• _DIRECTIONS FOR THIS TASK_
Give the listing again word for word. Leave every image out.

• _COLLECTED MATERIAL_
————

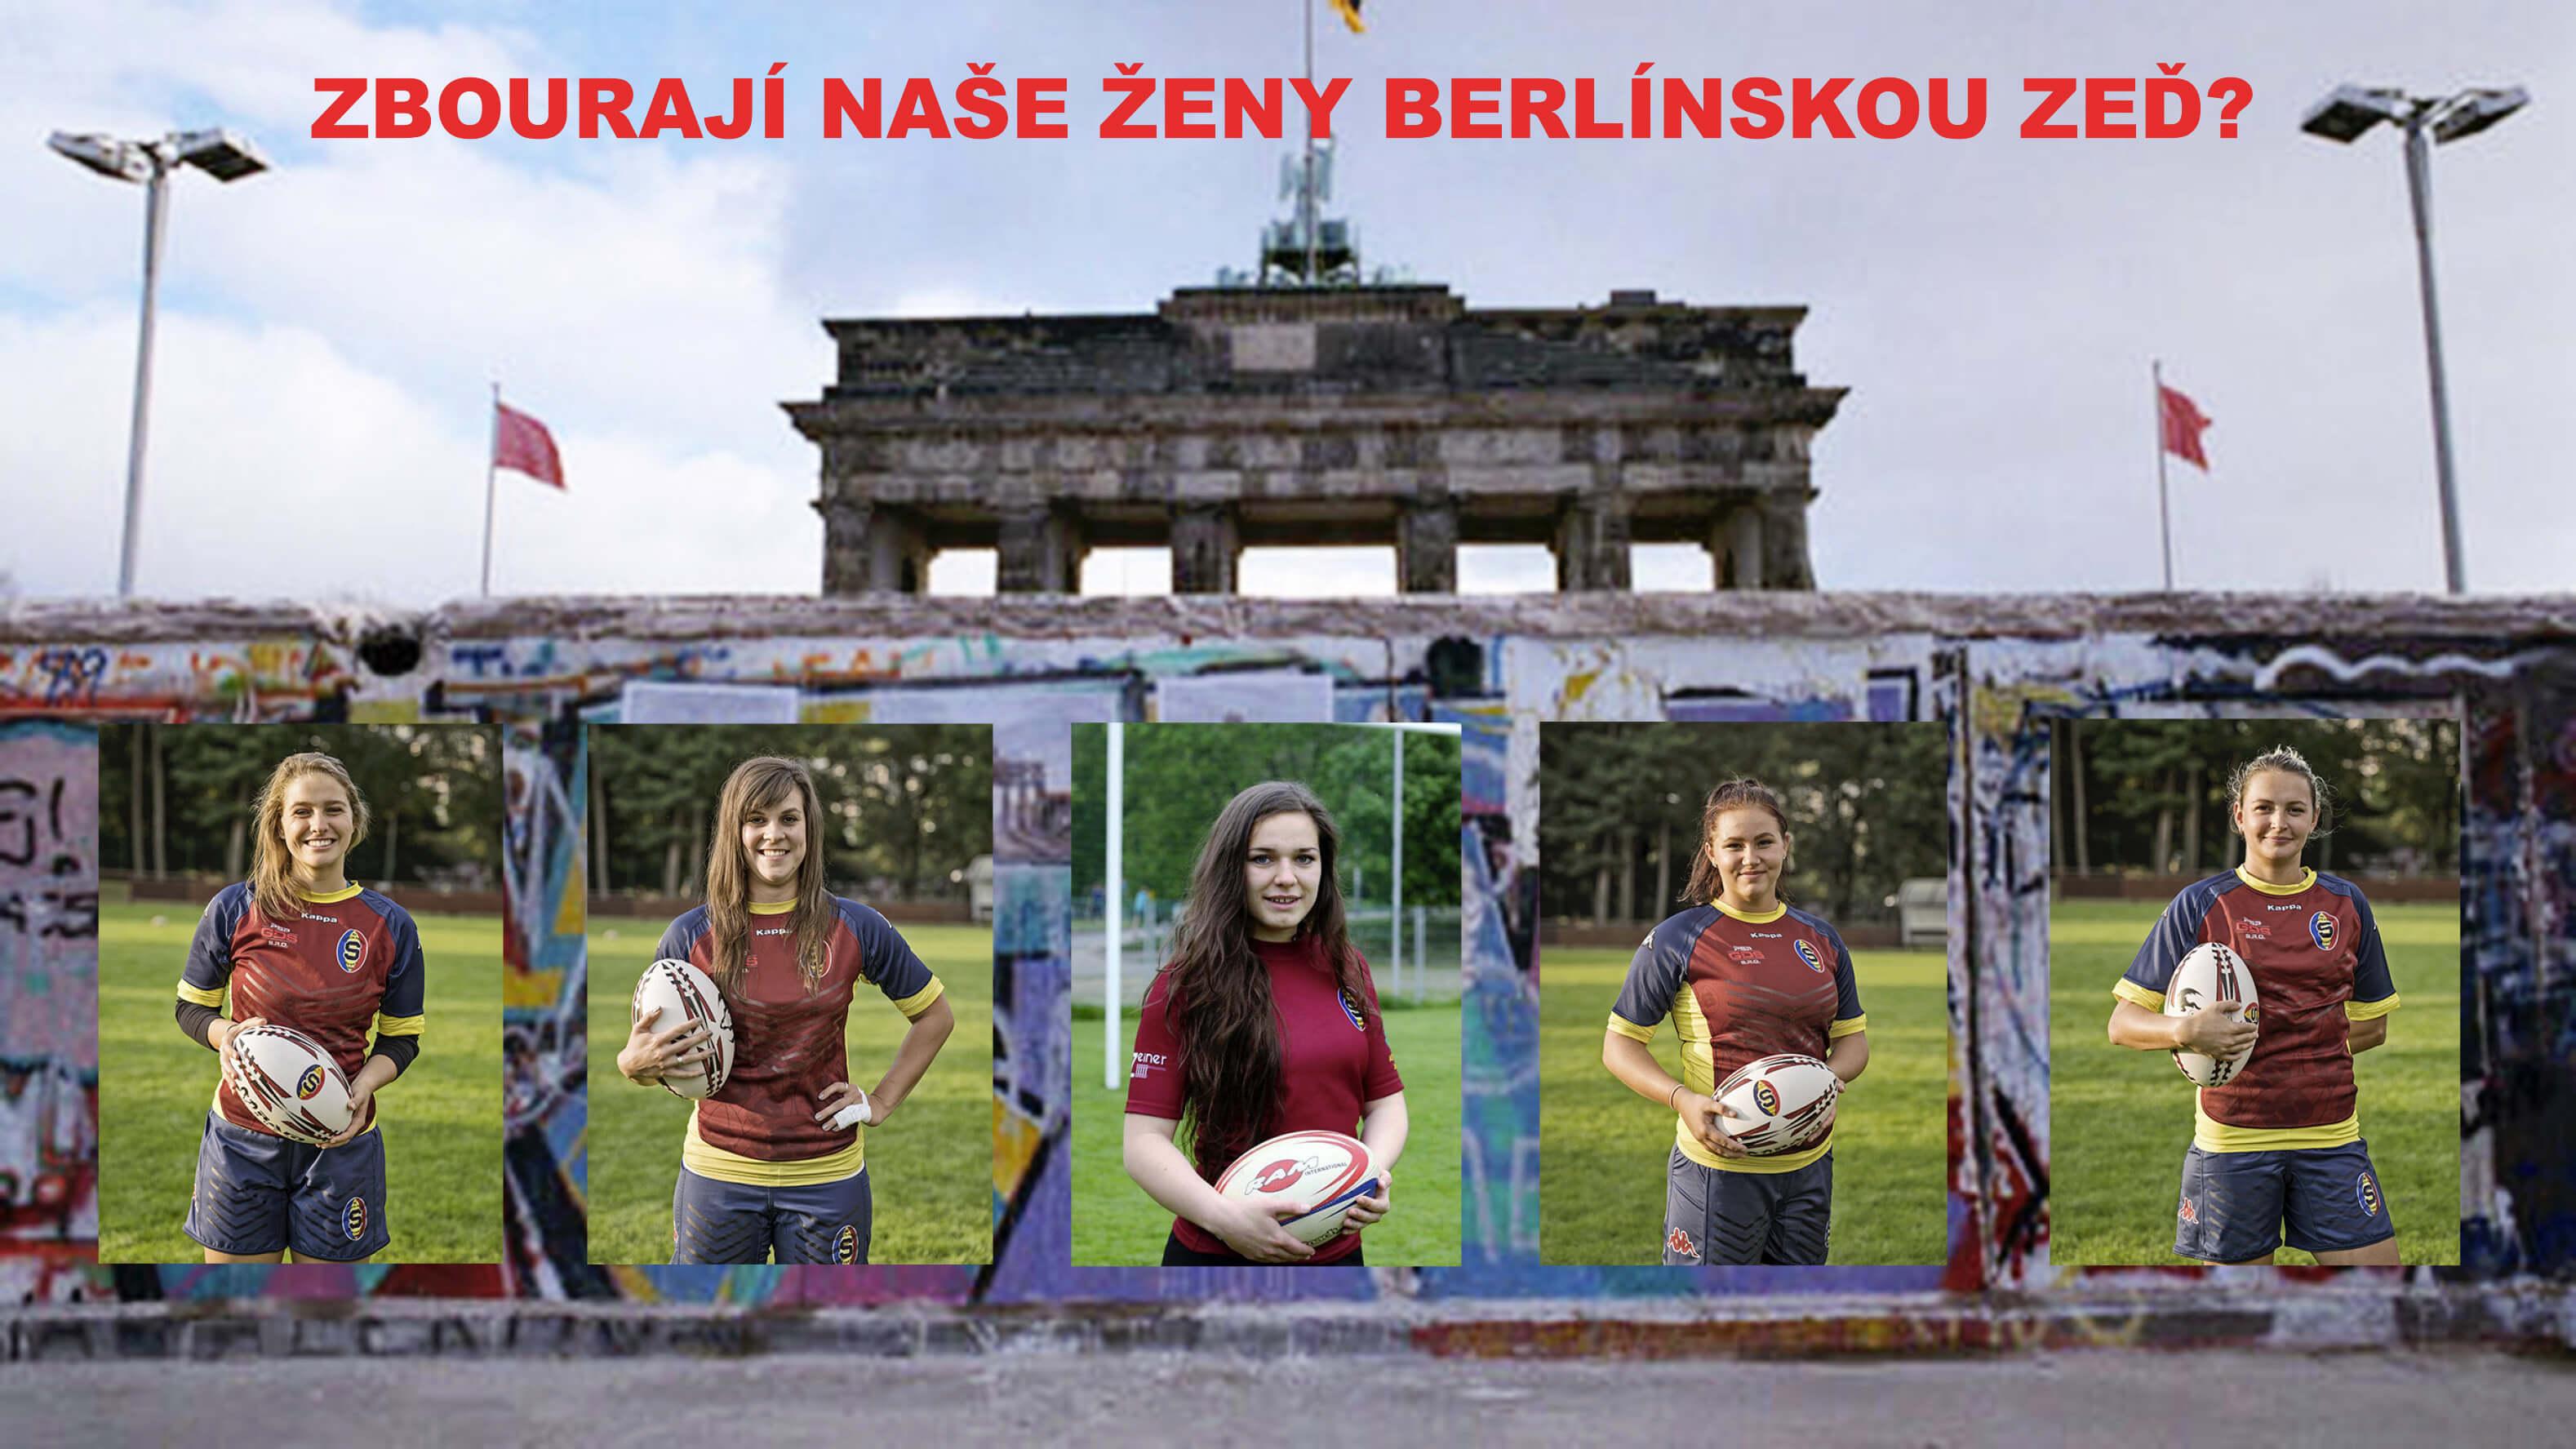 Zbourají naše ženy Berlínskou zeď?
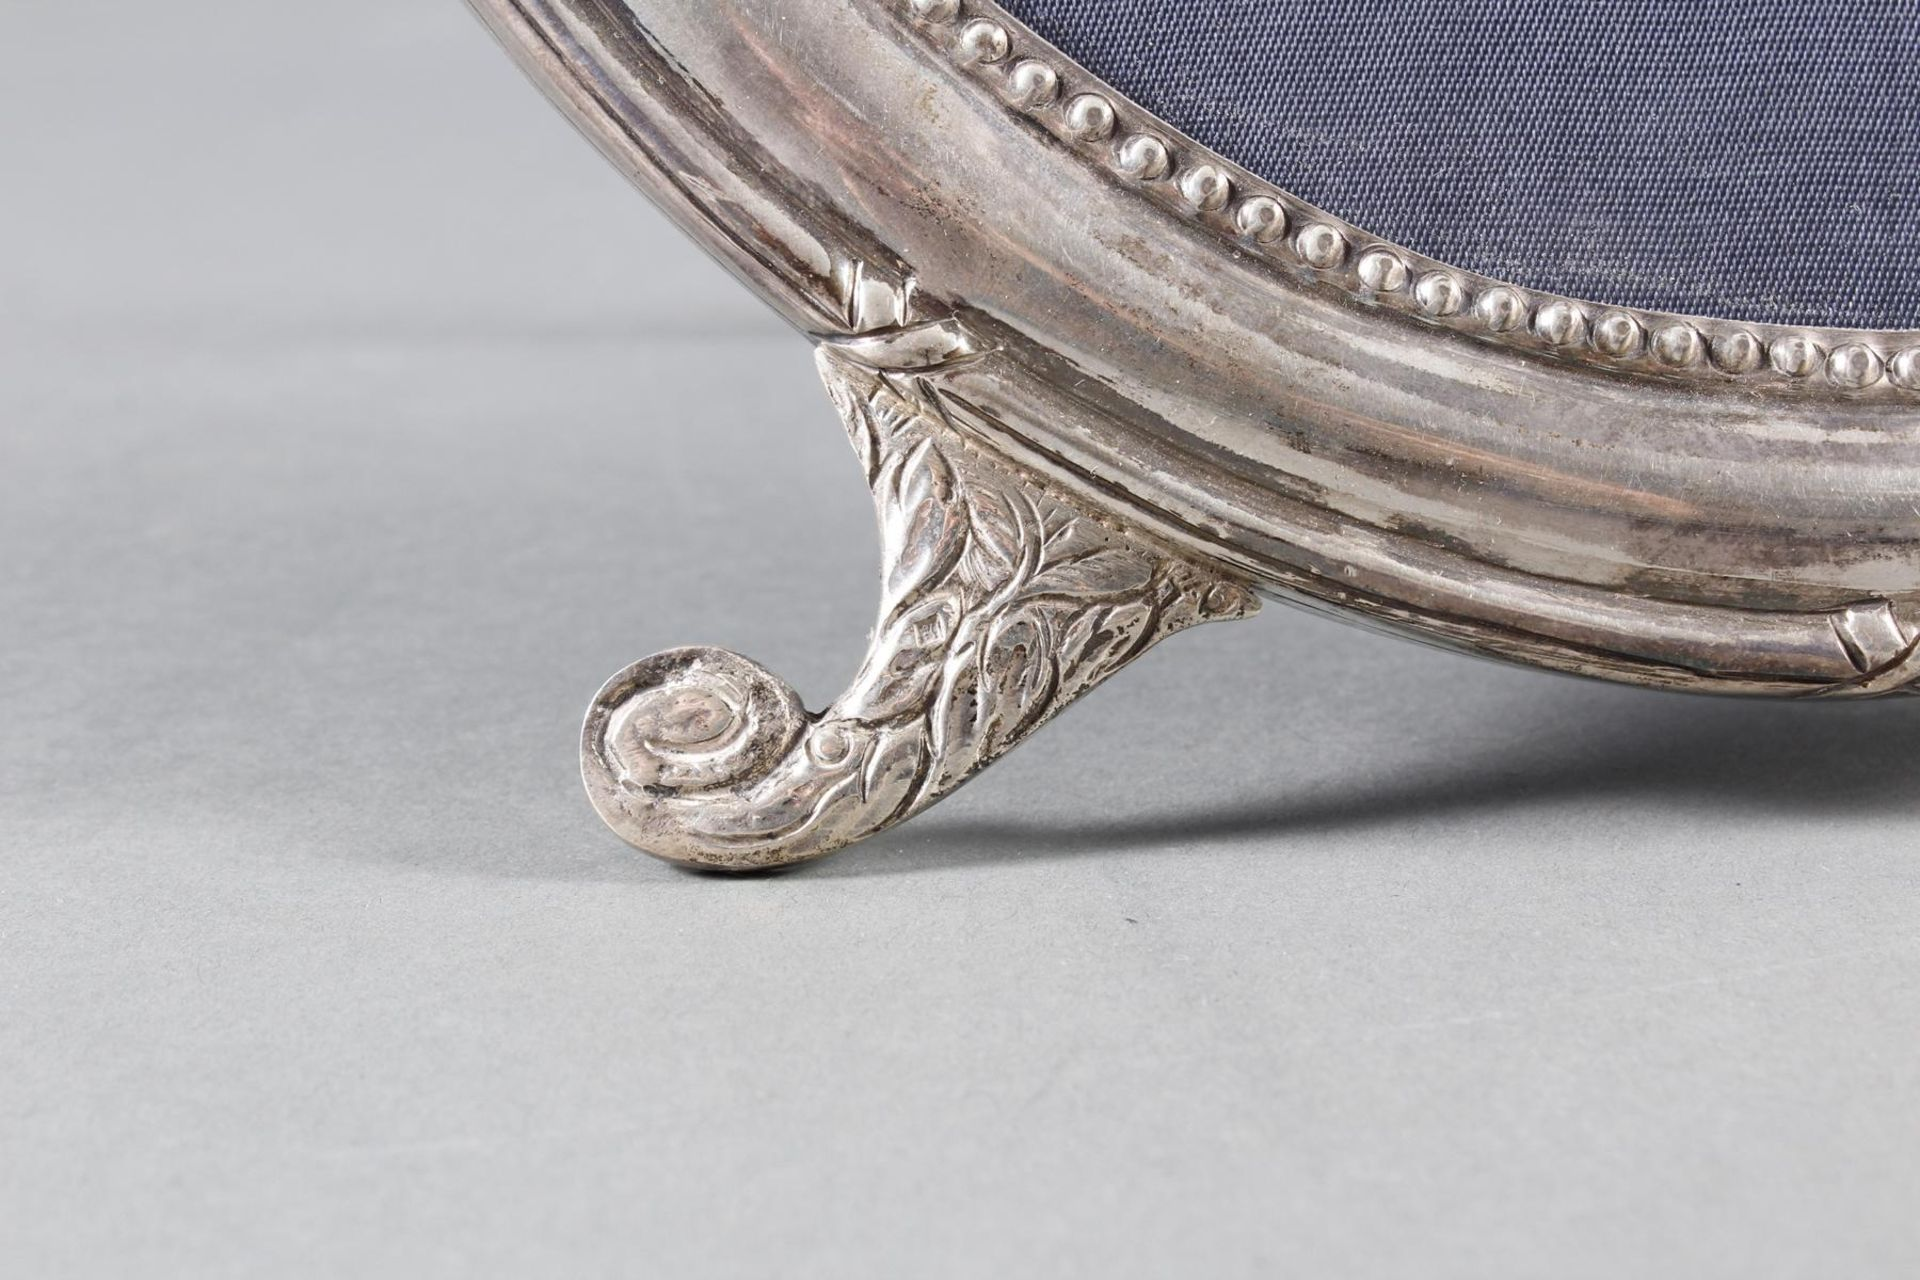 Großer Silber Bilderrahmen, - Bild 3 aus 9
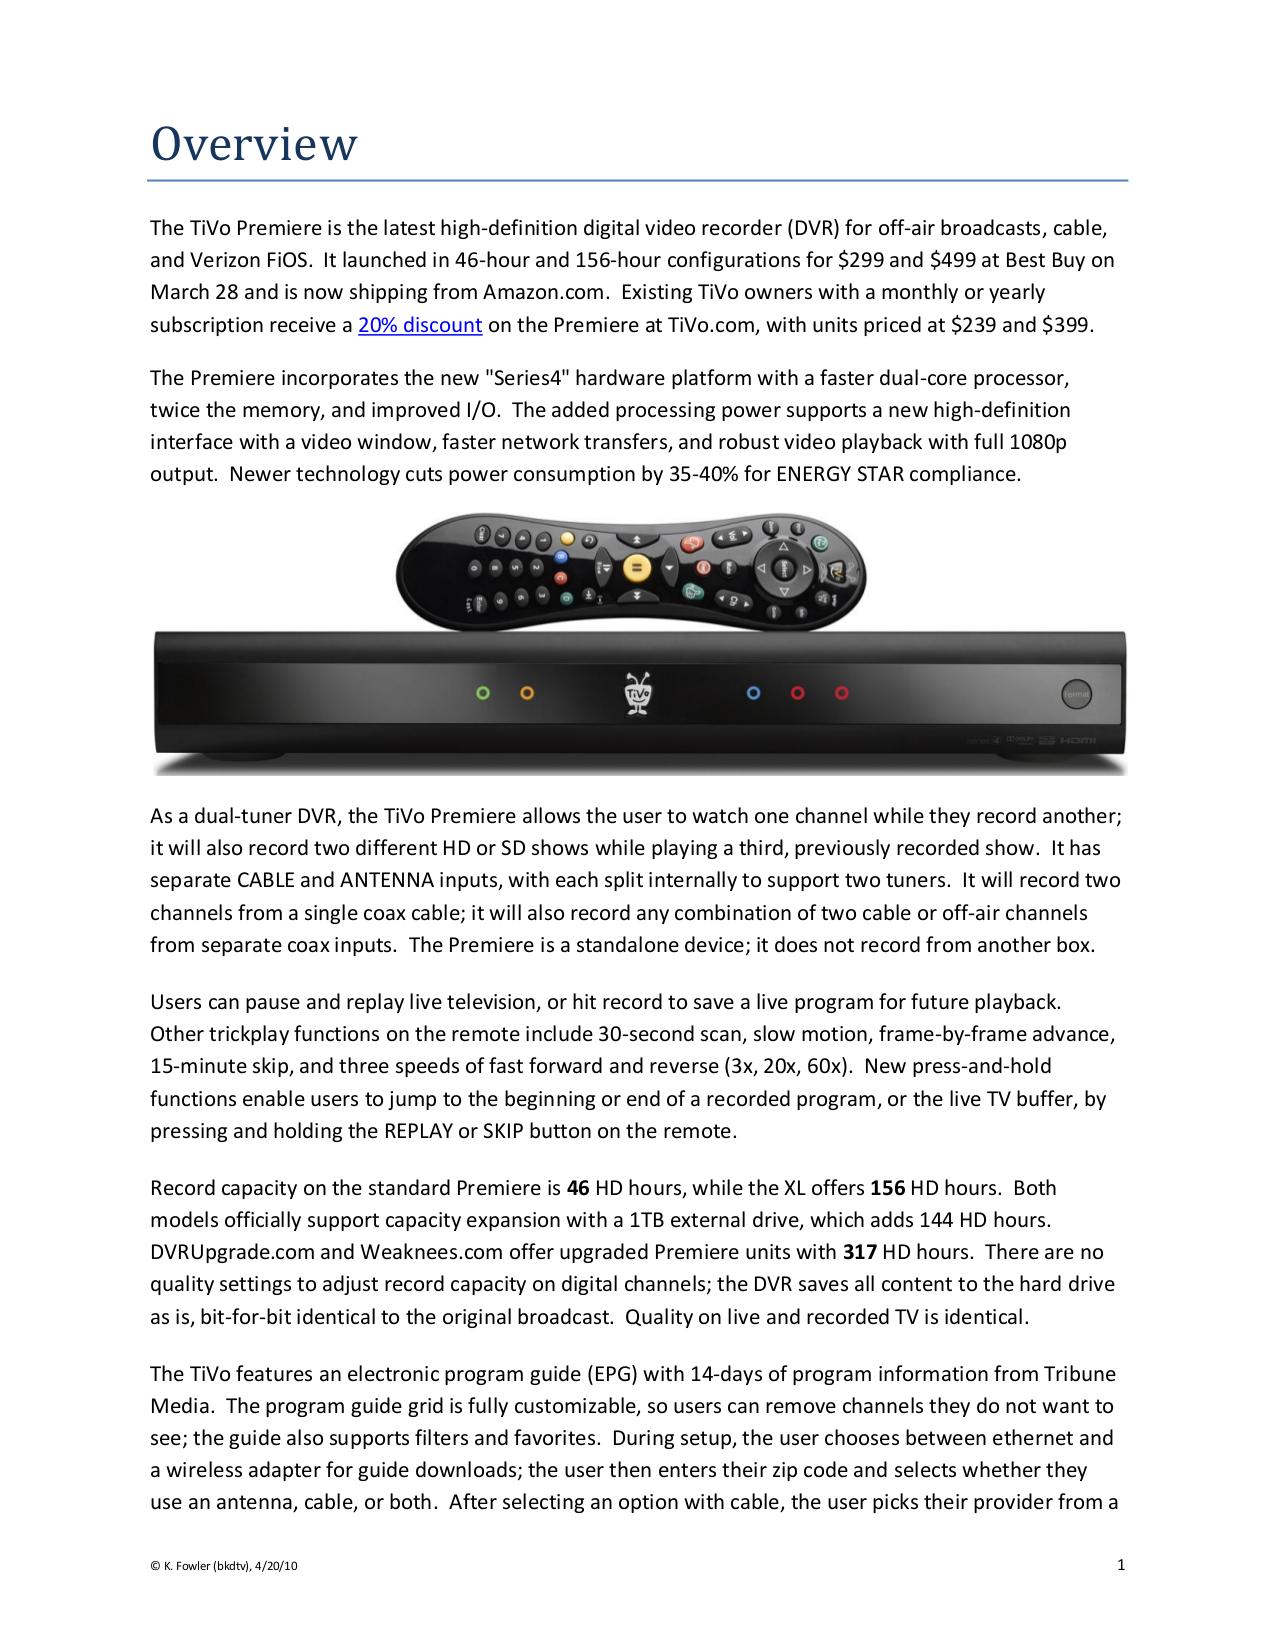 download free pdf for tivo series3 hd dvr manual rh umlib com TiVo Series 2 TiVo Premiere Manual

————

• _EXERCISE OUTPUT_
 Zbourají naše ženy Berlínskou zeď?
 Großer Silber Bilderrahmen, - Bild 3 aus 9
 download free pdf for tivo series3 hd dvr manual rh umlib com TiVo Series 2 TiVo Premiere Manual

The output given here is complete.